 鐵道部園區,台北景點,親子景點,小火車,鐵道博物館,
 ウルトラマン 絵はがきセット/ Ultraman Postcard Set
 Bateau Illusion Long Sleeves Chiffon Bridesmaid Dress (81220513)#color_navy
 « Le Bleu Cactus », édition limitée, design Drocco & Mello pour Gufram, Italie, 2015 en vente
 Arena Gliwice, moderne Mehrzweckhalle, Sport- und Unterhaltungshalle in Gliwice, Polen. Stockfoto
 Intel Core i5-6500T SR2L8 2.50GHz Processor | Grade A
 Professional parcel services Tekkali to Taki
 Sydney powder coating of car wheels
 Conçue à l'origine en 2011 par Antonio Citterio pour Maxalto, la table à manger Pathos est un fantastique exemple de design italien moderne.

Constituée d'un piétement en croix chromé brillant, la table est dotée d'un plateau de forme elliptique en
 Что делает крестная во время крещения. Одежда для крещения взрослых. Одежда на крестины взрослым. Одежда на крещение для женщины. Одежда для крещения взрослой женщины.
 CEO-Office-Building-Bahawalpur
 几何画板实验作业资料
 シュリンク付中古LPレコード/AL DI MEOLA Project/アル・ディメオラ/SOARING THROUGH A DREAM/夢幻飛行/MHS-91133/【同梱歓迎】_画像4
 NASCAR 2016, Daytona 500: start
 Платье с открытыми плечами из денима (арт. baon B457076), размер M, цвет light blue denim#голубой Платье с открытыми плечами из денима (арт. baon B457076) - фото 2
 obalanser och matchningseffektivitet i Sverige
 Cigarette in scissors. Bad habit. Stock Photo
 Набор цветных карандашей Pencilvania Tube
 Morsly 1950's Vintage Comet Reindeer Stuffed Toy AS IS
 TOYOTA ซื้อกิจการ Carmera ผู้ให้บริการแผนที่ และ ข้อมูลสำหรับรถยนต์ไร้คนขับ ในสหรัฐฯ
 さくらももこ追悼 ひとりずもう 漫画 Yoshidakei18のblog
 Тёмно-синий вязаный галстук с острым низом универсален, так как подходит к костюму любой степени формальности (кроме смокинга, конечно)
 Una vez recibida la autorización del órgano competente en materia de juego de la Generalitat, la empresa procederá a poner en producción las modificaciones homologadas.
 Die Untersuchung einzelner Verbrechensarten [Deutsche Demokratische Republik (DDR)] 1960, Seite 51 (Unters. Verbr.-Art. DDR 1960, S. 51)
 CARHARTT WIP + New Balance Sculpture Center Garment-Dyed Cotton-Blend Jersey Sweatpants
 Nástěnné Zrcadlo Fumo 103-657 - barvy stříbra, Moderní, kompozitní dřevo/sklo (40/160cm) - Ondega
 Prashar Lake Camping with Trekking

→ INSTRUCTIONS FOR THE TASK
Everything from the line containing "Die Untersuchung einzelner" to the last line of the material above must be copied exactly, and only that.

→ RESULT OF THE EXERCISE
 Die Untersuchung einzelner Verbrechensarten [Deutsche Demokratische Republik (DDR)] 1960, Seite 51 (Unters. Verbr.-Art. DDR 1960, S. 51)
 CARHARTT WIP + New Balance Sculpture Center Garment-Dyed Cotton-Blend Jersey Sweatpants
 Nástěnné Zrcadlo Fumo 103-657 - barvy stříbra, Moderní, kompozitní dřevo/sklo (40/160cm) - Ondega
 Prashar Lake Camping with Trekking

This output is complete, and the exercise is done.